We see that there is no correlation between Unit price and the quantity of the goods according to the Pearson'r correlation coefficient.

## Does description have any effect on the price ??

In [21]:
print('Total number of unique desciptions =', len(np.unique(data.Description)))

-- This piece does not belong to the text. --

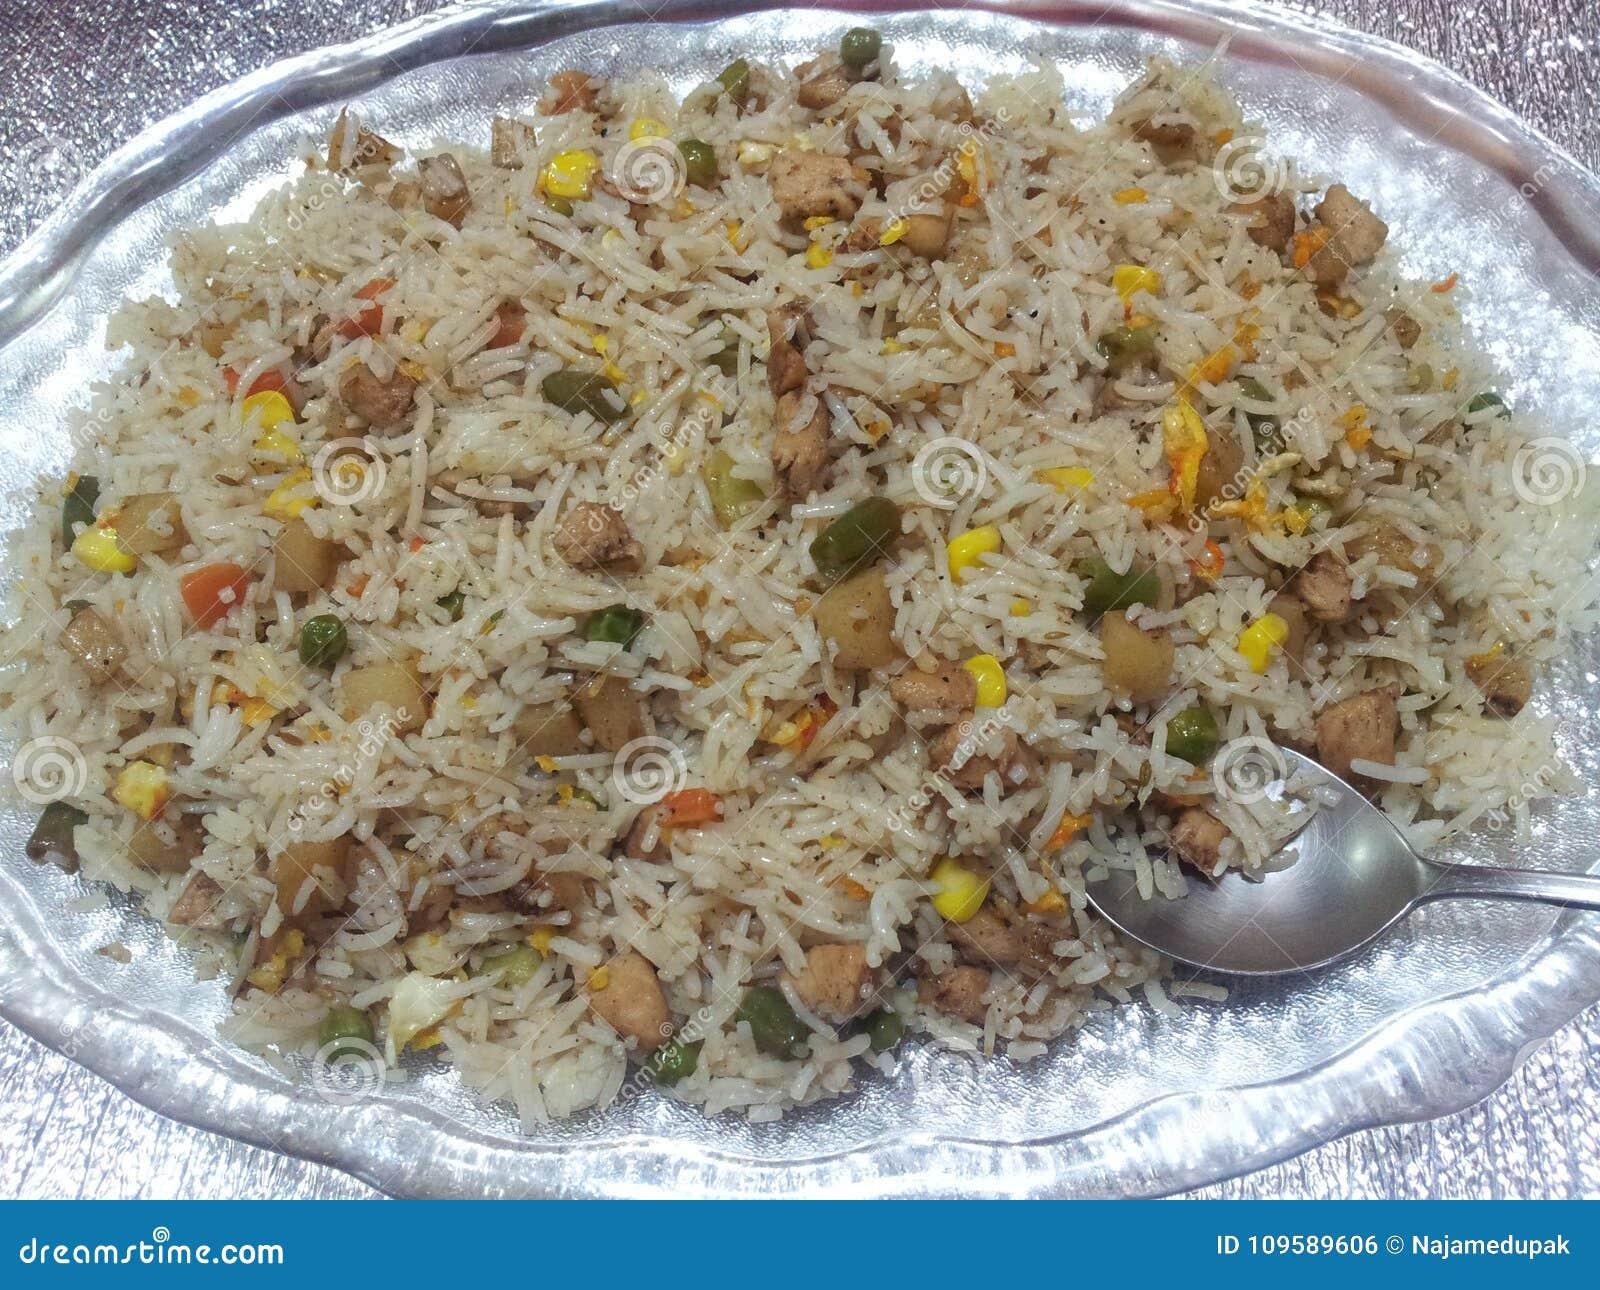 Basmati Rice Pulao or pulav with Peas

Total number of unique desciptions = 4224


The below cell will take sometime to run.

In [22]:
def description_wise_price(description):
    x = data[data['Description'] == description]
    x2010 = x[x.InvoiceYear == '2010']
    x2011 = x[x.InvoiceYear == '2011']
    s2010 = np.sum(x2010.TotalPrice)
    s2011 = np.sum(x2011.TotalPrice)
    del x
    del x2010
    del x2011
    return s2010, s2011

descriptions = np.unique(data.Description)

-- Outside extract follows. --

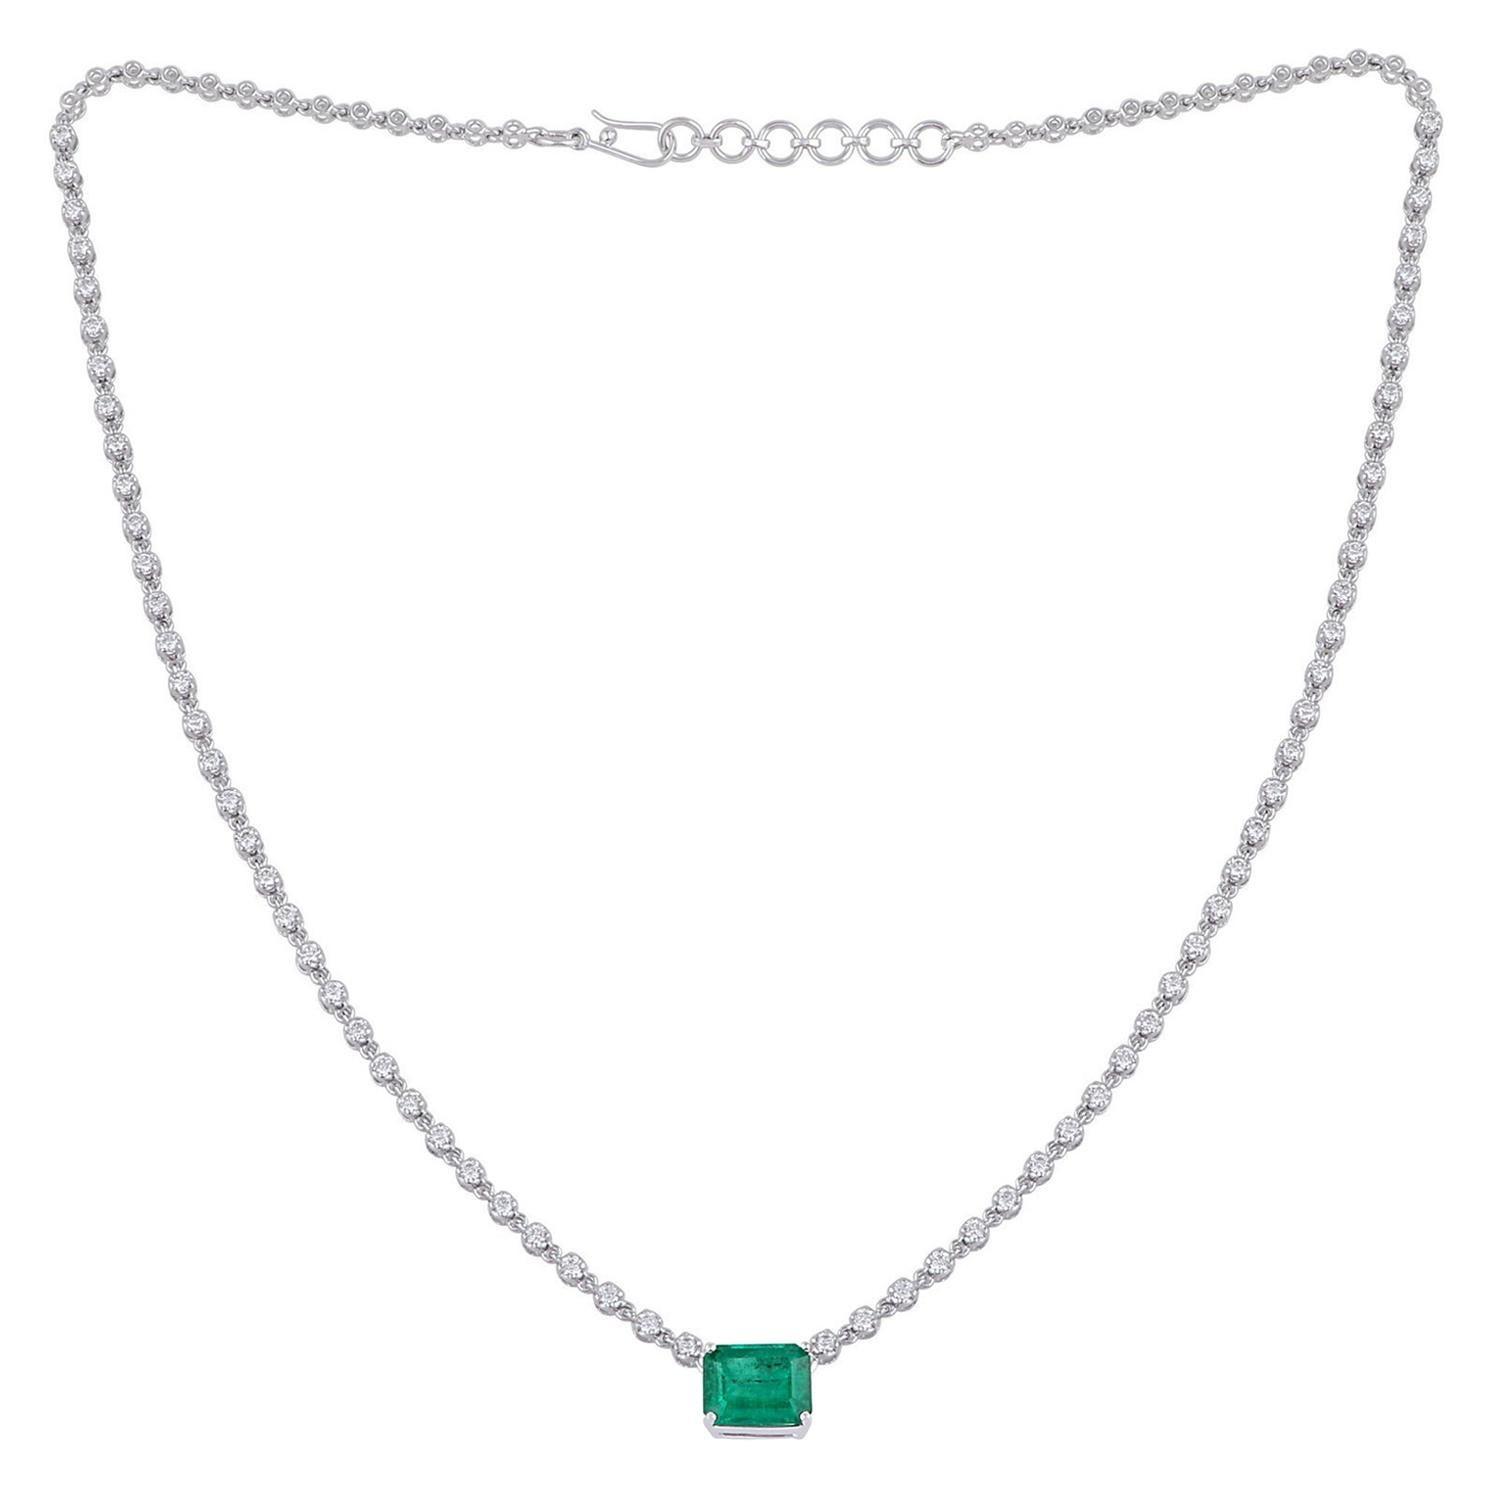 2.86 Carat Emerald 18 Karat White Gold Diamond Choker Necklace

description_prices = pd.DataFrame([])

for d in descriptions:
    s2010, s2011 = description_wise_price(d)
    row = pd.DataFrame({'Description': [d], 'SumPrice_in_2010': [s2010], 'SumPrice_in_2011': [s2011], 'TotalPrice': s2010+s2011})
    description_prices = description_prices.append(row)

In [24]:
description_prices = description_prices.sort_values(by=['TotalPrice'], ascending=False)
description_prices.to_csv('Description_wise_prices.csv', index=False)

In [25]:
description_prices.head()

Unnamed: 0,Description,SumPrice_in_2010,SumPrice_in_2011,TotalPrice
0,DOTCOM POSTAGE,24671.19,181574.29,206245.48
0,REGENCY CAKESTAND 3 TIER,26897.36,137864.83,164762.19
0,WHITE HANGING HEART T-LIGHT HOLDER,9877.82,89790.65,99668.47
0,PARTY BUNTING,1207.74,97095.24,98302.98
0,JUMBO BAG RED RETROSPOT,3972.35,88383.68,92356.03


In [30]:
print('Highest transaction in', description_prices.iloc[0]['Description'], "=",description_prices.iloc[0]['TotalPrice'])
print('Lowest transaction in', description_prices.iloc[-1]['Description'], "=",description_prices.iloc[-1]['TotalPrice'])

Highest transaction in DOTCOM POSTAGE = 206245.48
Lowest transaction in AMAZON FEE = -221520.5


## Points to infer
- The overall prices of the goods have increased from year 2010 to 2011.
- DOTCOM POSTAGE has highest cummulative price whereas AMAZON FEE has lowest.